7. Comprehensive Income
In June 1997, the Financial Accounting Standards Board ("FASB") issued
Statement of Financial Accounting Standards ("SFAS") No. 130,
"Reporting Comprehensive Income", which establishes standards for
reporting and display of comprehensive income and its components in a
full set of general-purpose financial statements. Comprehensive income
is defined as "the change in equity of a business enterprise during a
period from transactions and other events and circumstances from
nonowner sources. It includes all changes in equity during a period
except those resulting from investments by owners and distributions to
owners". The comprehensive income and related cumulative equity impact
of comprehensive income items will be required to be disclosed
prominently as part of the financial statements and related notes
thereto. Only the impact of unrealized gains or losses on securities
available for sale is necessary and applicable to be disclosed as an
additional component of the Company's total comprehensive income under
the requirements of SFAS No. 130.
On January 1, 1998, the Company adopted SFAS No. 130. For the three
months ended March 31, 1998 and 1997, total comprehensive income was
$1.6 million and $3.3 million, respectively, including other
comprehensive income which represented a decrease of $76,000 and an
increase of $2.2 million, respectively, in unrealized gains/losses on
securities available for sale, net of income taxes.
7
<PAGE>
8. Subsequent Events
On April 17, 1998, the Board of Directors declared a 10% common stock
dividend to stockholders of record as of the close of business on May
15, 1998 and payable on May 29, 1998. Net income per share amounts for
the periods presented in the consolidated statements of operations have
been restated to reflect this stock dividend.
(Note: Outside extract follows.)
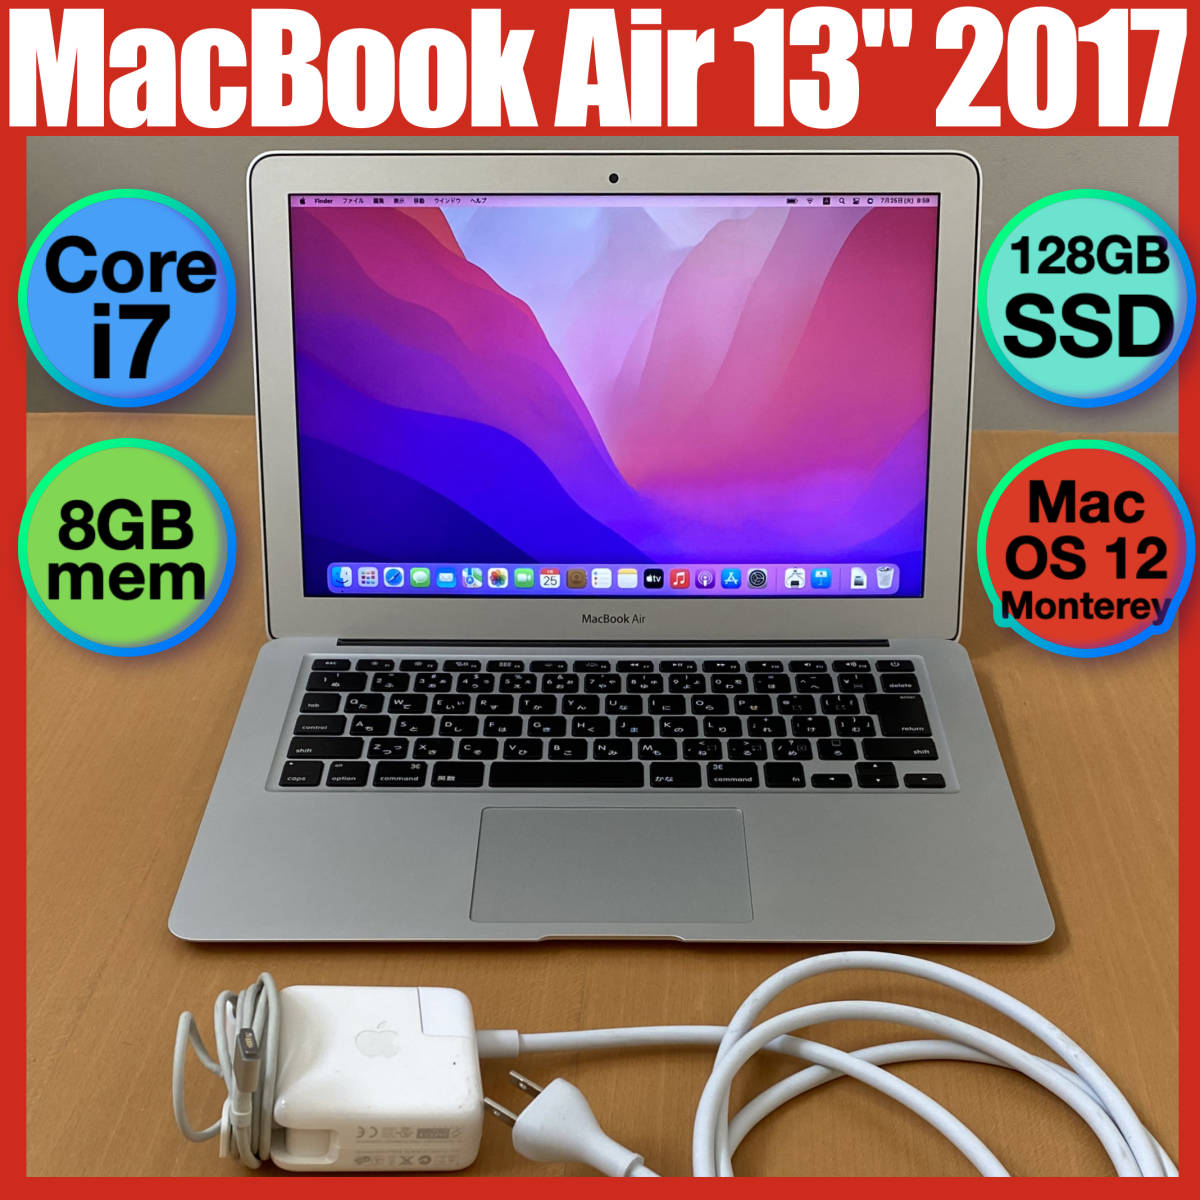 Løft dig op crush Foran dig Apple MacBook Air 13インチ 2017 シルバー Core i7 / 8GB mem / 128GB SSD / macOS 12  Monterey / USB 3 / Thunderbolt 2 / MQD32J/A(MacBook Air)｜売買されたオークション情報、ヤフオク!  の商品情報をアーカイブ公開 - オークファン（aucfan.com）

On April 24, 1998, the Company announced that effective May 1, 1998,
its name will be changed to ESB Financial Corporation, and its new
trading symbol on the Nasdaq National Stock Market will be "ESBF".
8
<PAGE>
Item 2. Management's Discussion and Analysis of Financial Condition and Results
of Operations
CHANGES IN FINANCIAL CONDITION
General. The Company's total assets increased by $34.8 million or 3.8% to $945.6
million at March 31, 1998 from $910.8 million at December 31, 1997. This net
increase was primarily the result of increases in securities and loans
receivable of $34.3 million and $9.5 million, respectively, partially offset by
a decrease in cash equivalents of $9.5 million. The increase in total assets
reflects a corresponding increase in total liabilities of $35.2 million or 4.2%,
partially offset by a slight decrease in stockholders' equity of $462,000. The
increase in total liabilities was primarily the result of increases in deposits,
borrowed funds and accrued expenses and other liabilities of $2.0 million, $31.2
million and $2.0 million, respectively. The decrease in stockholders' equity was
the result of increases in treasury stock and unearned employee stock ownership
plan ("ESOP") shares of $1.0 million and $341,000, respectively, partially
offset by an increase in retained earnings of $907,000.
Cash on Hand, Interest-earning deposits and Federal funds sold. Cash on hand,
interest-earning deposits and federal funds sold represent cash equivalents and
decreased a combined $9.5 million or 50.3% to $9.4 million at March 31, 1998
from $18.9 million at December 31, 1997. These accounts are typically increased
by deposits from customers into savings and checking accounts, loan and security
repayments and proceeds from borrowed funds. Decreases result from customer
withdrawals, new loan originations, security purchases and repayments of
borrowed funds. The net decrease between March 31, 1998 and December 31, 1997
can be attributed primarily to security purchases and loan fundings during the
period.
Securities. The Company's securities portfolios increased by $34.3 million or
6.6 % to $552.4 million at March 31, 1998 from $518.0 million at December 31,
1997. This net increase was primarily the result of purchases of securities of
$84.8 million, consisting of purchases of municipal securities of $22.1 million,
corporate bond and equity securities of $18.2 million and mortgage-backed
securities of $44.5 million, during the three months ended March 31, 1998.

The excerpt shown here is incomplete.